Judging from the millions of comments filed with the FCC on the question, it's eminently clear the public preference is for Title II common carrier regulation of Internet service providers. Which makes sense given the Internet is gradually replacing the role the telephone system served in the past: a universal communications system accessible to everyone regardless of their location and whether they received or placed calls. Even the legacy incumbent telephone companies agree, saying it doesn't make sense for them to have to adhere to regulations governing landline telephone service.
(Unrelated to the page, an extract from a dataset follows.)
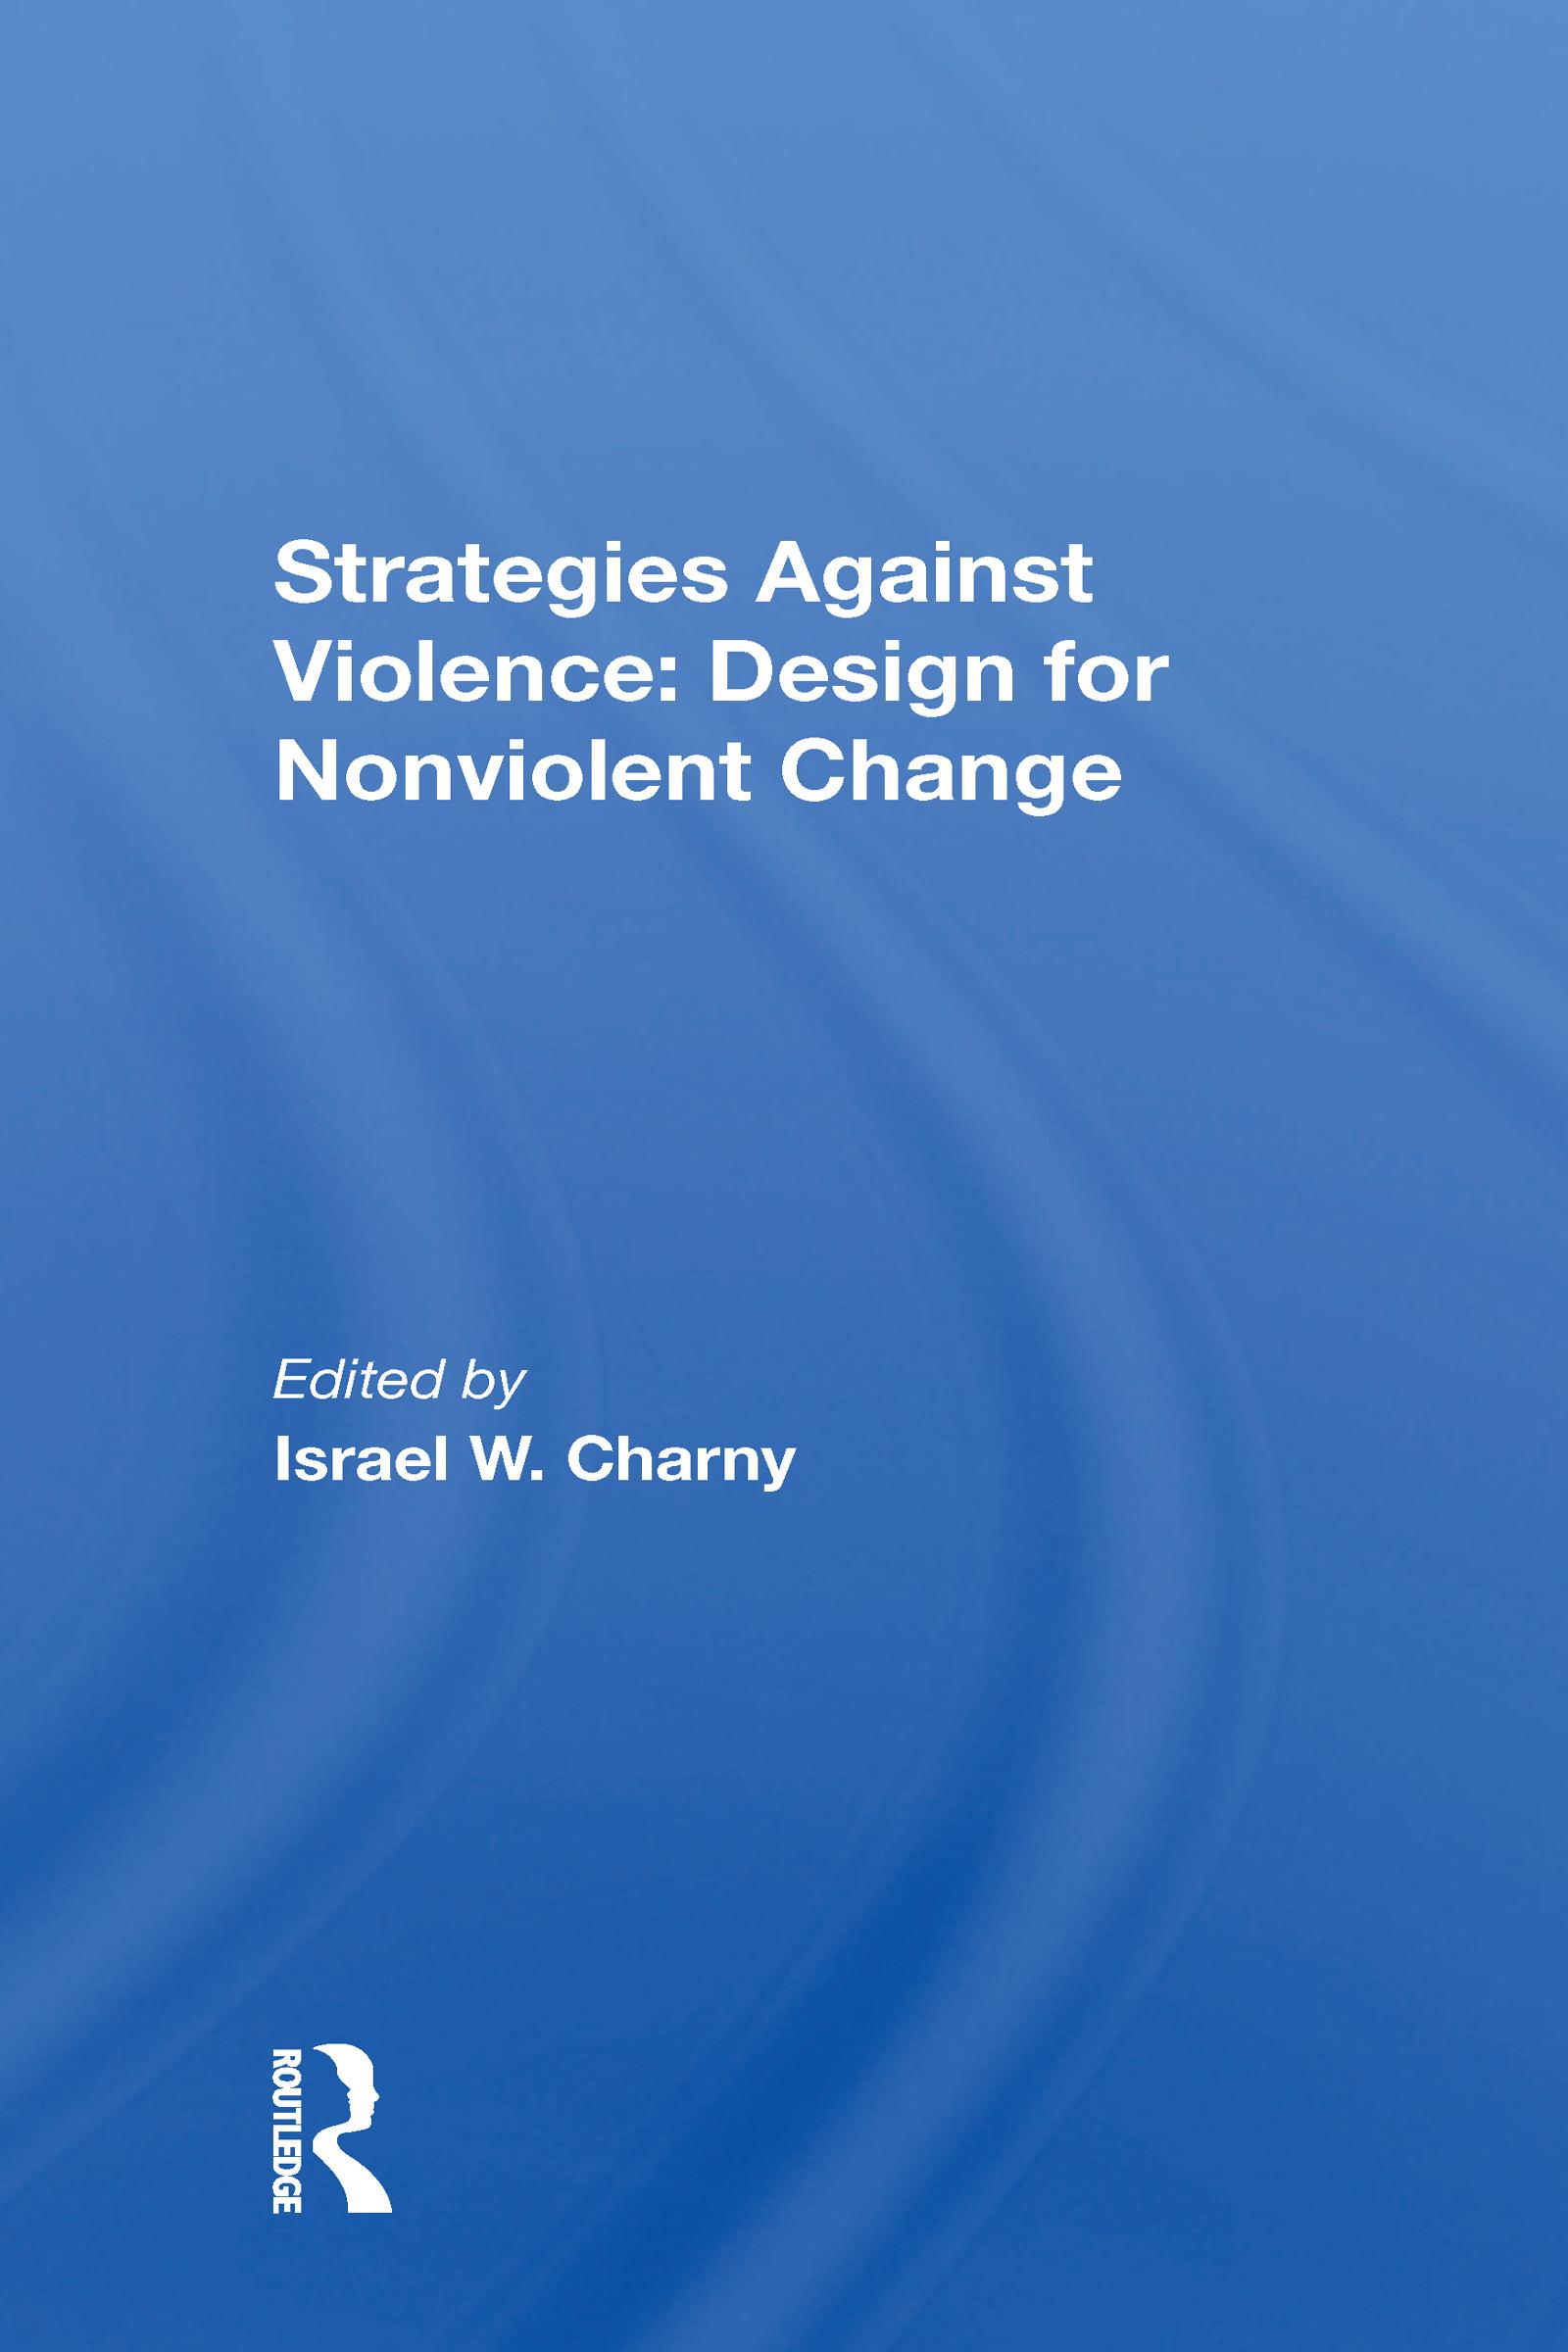 Strategies Against Violence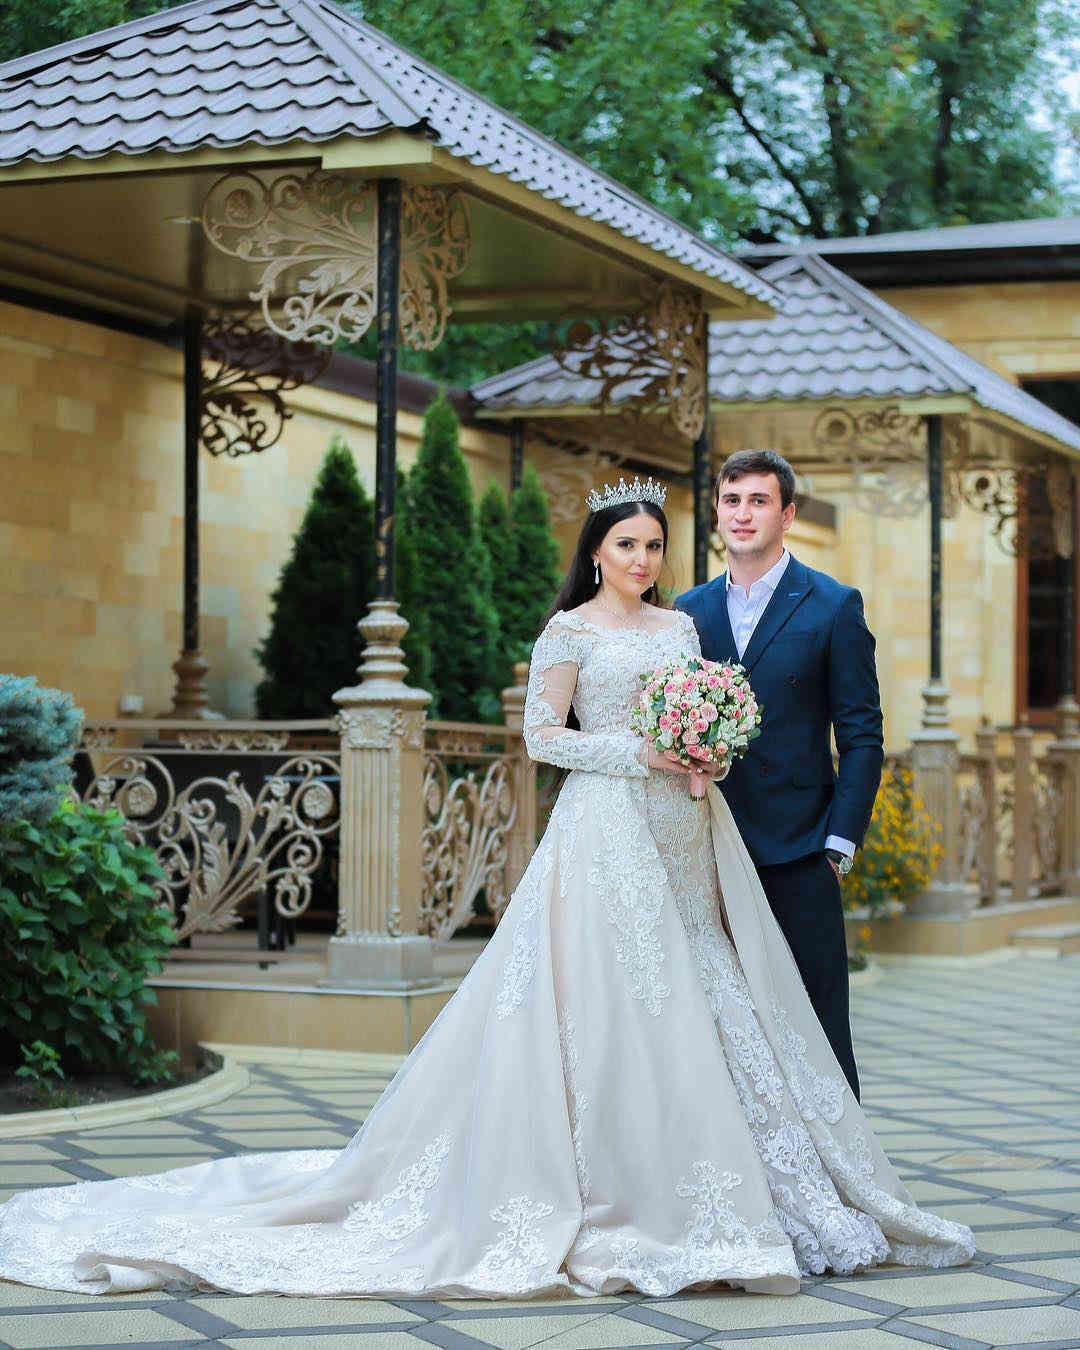 Saudi Arabic Plus Size Wedding Dresses Scoop Neck Long Sleeve A Line Bridal Gowns Sweep Train Lace Beach Wedding Dress

Bottom line at this point, this is now primarily a political and not a regulatory issue. As such, expect politics to come more sharply into play. If Wheeler can't bring himself to make a clear policy call for Title II, President Obama could end up designating another Democrat on the FCC to replace him as chair. Speaking of Democratic politicians, I expect former President Bill Clinton will weigh in siding with Obama, saying something like Title II was where he ultimately intended Internet regulation to go when he signed the 1996 Telecommunications Act into law, with Title I more of a transitional but not permanent regulatory scheme. His vice president, Al Gore, could also join the Title II juggernaut.